## Problem details:
Leave out the pictures and repeat the data exactly.

## Input data:
────────────────────────────────────────

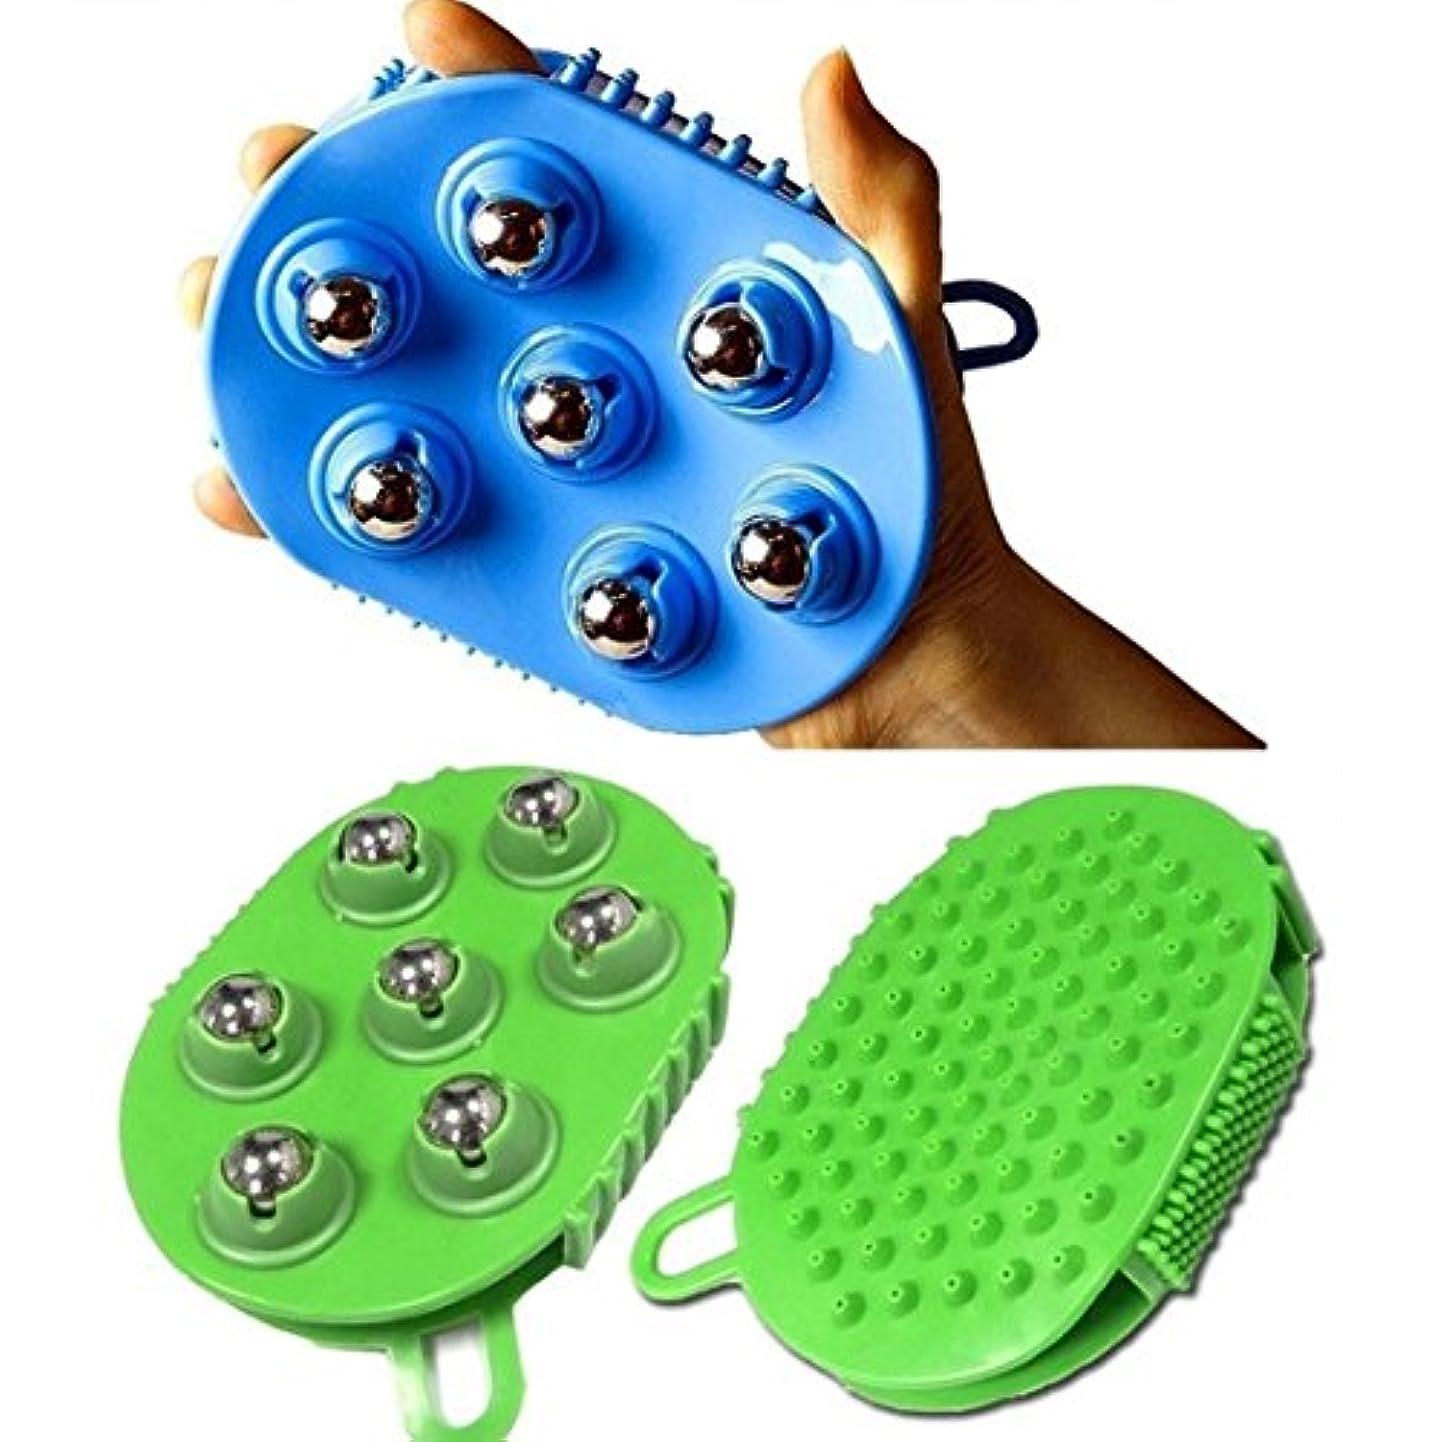 サイバースペース弾性恒久的ステンレススチールボールマッサージブラシグローブ7ローリング 360度回転 / Stainless steel Ball Massage Brush Glove 7 Rolling 360 degree rotation...
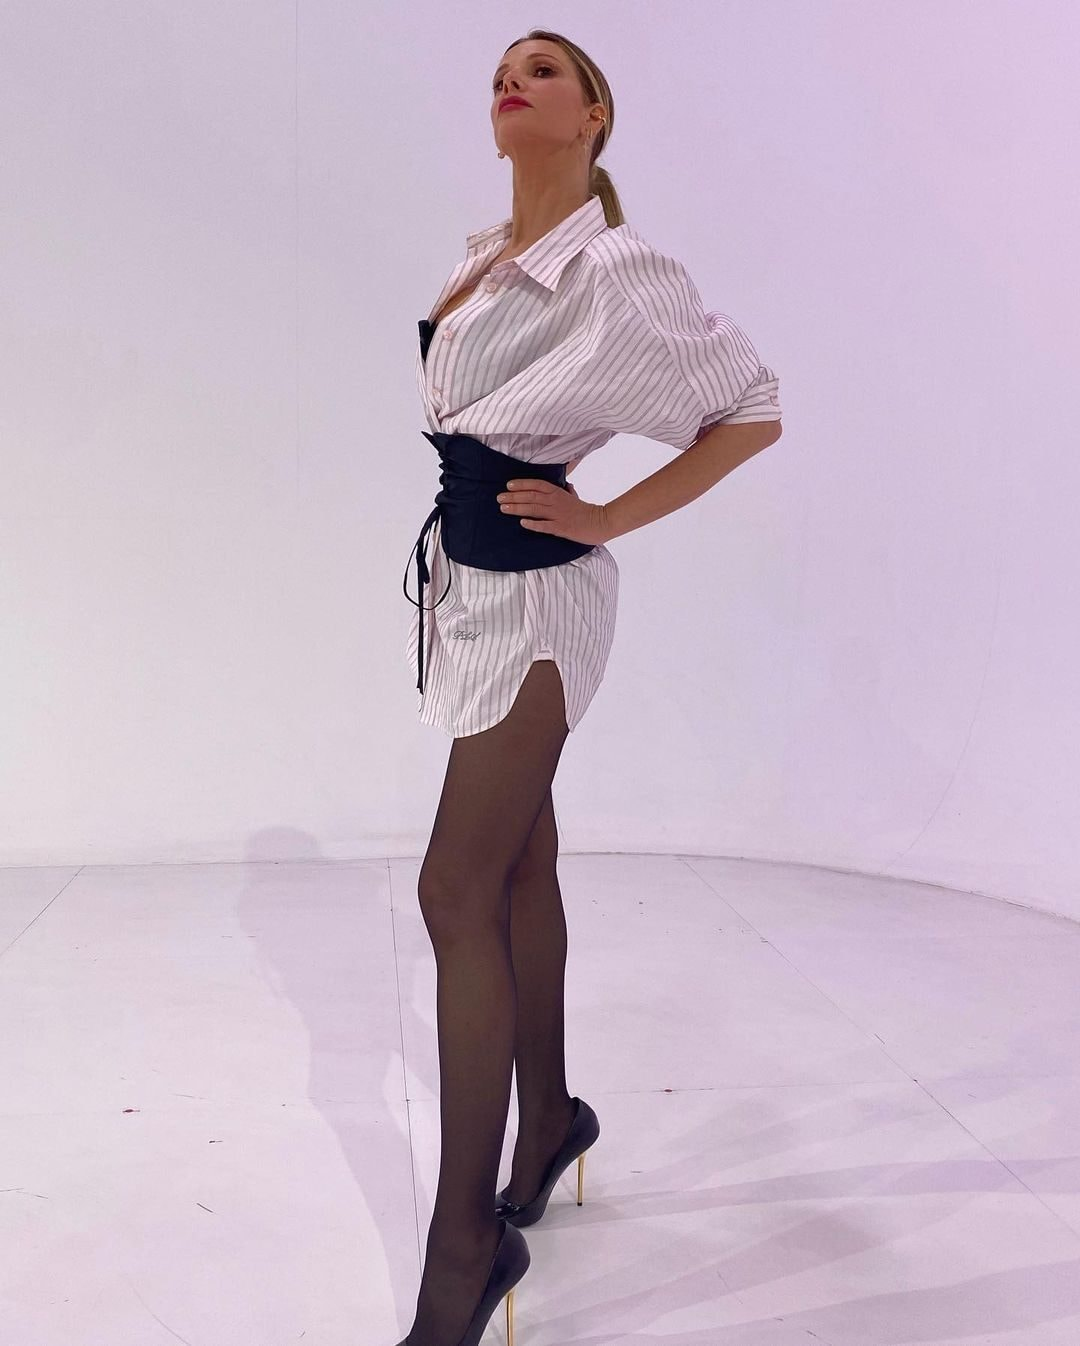 Alessia Marcuzzi trasforma la camicia over in un minidress
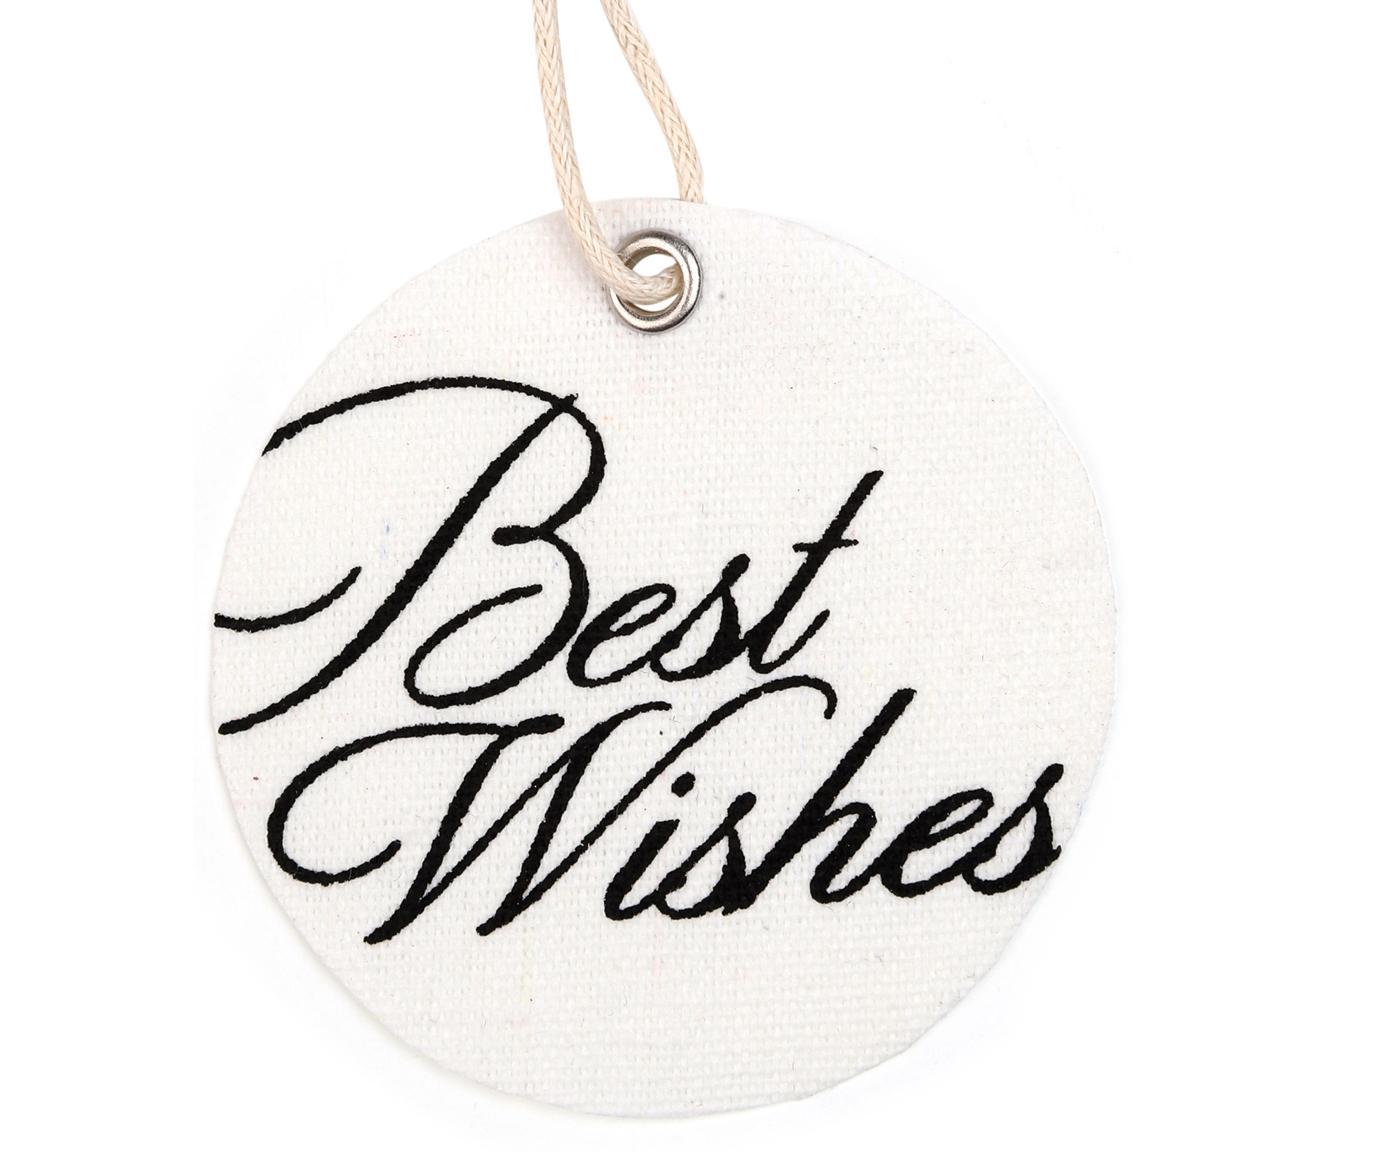 Geschenklabels set Best Wishes, 6 stuks, 60% katoen 40% polyester, Wit, zwart, Ø 6 cm
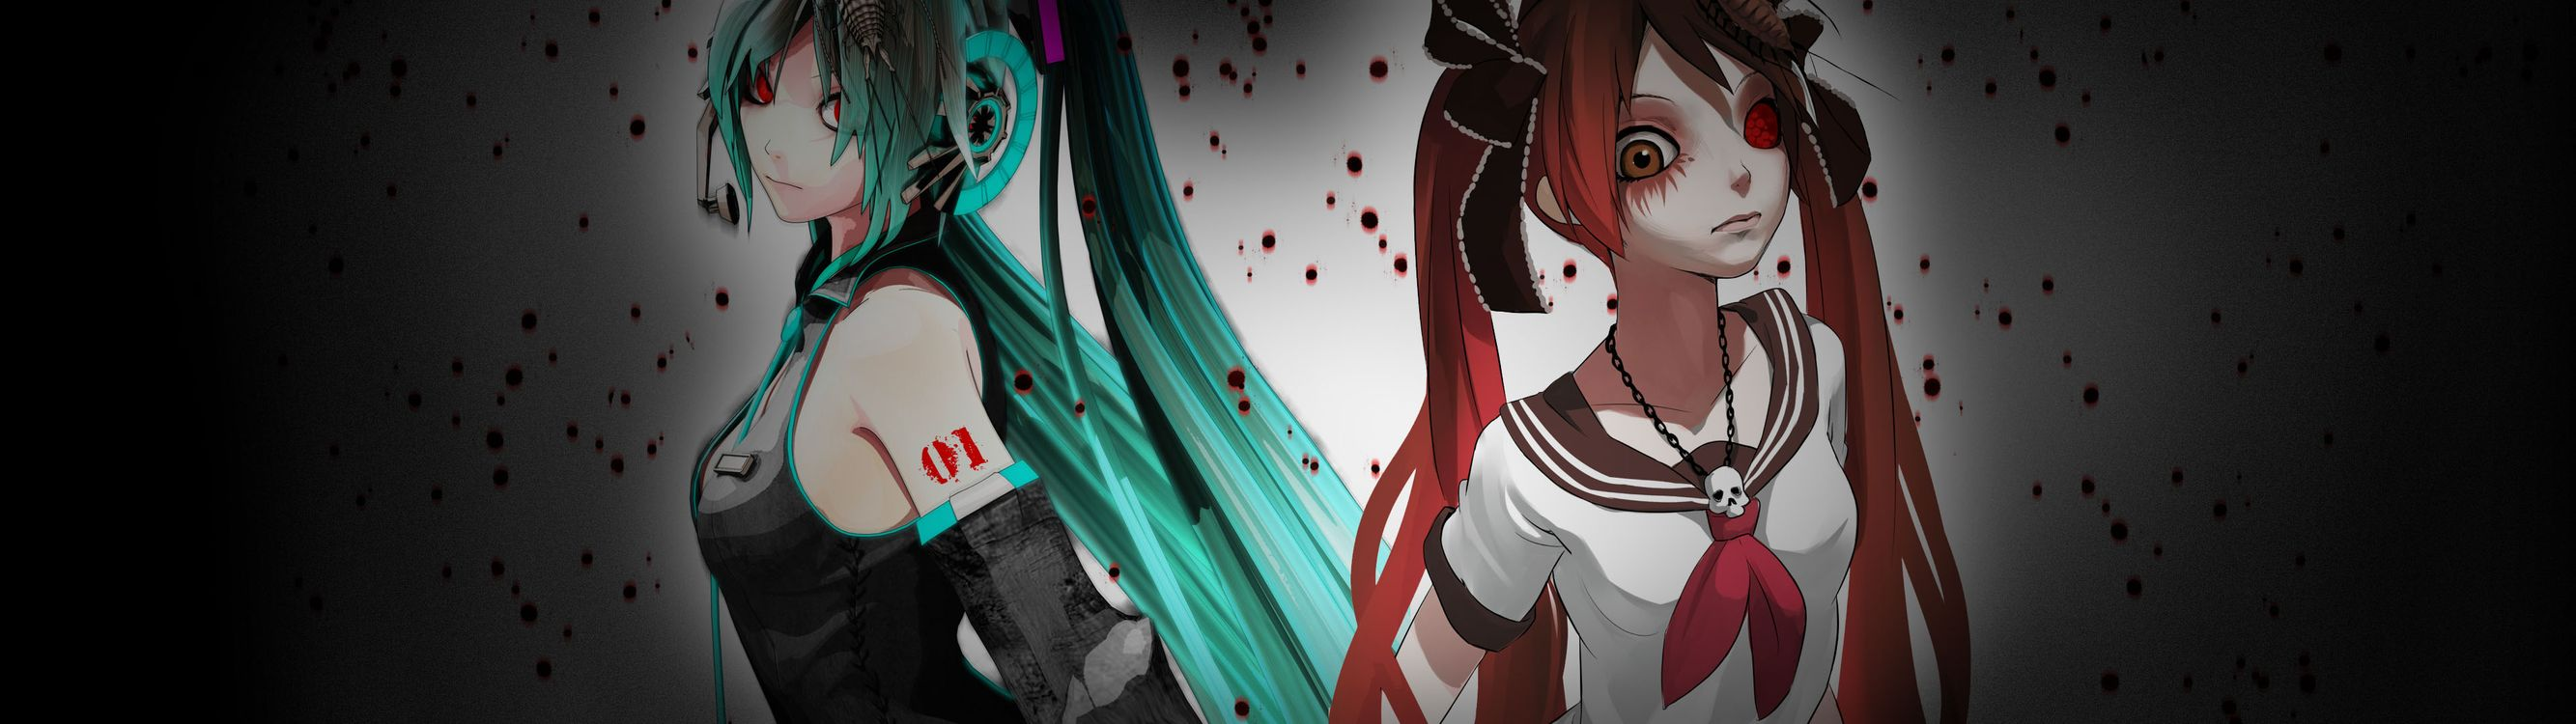 Hatsune Miku · бесплатное фото

────────────────────────────────────────

## Result:
 サイバースペース弾性恒久的ステンレススチールボールマッサージブラシグローブ7ローリング 360度回転 / Stainless steel Ball Massage Brush Glove 7 Rolling 360 degree rotation...
 Alessia Marcuzzi trasforma la camicia over in un minidress
 Geschenklabels set Best Wishes, 6 stuks, 60% katoen 40% polyester, Wit, zwart, Ø 6 cm
 Hatsune Miku · бесплатное фото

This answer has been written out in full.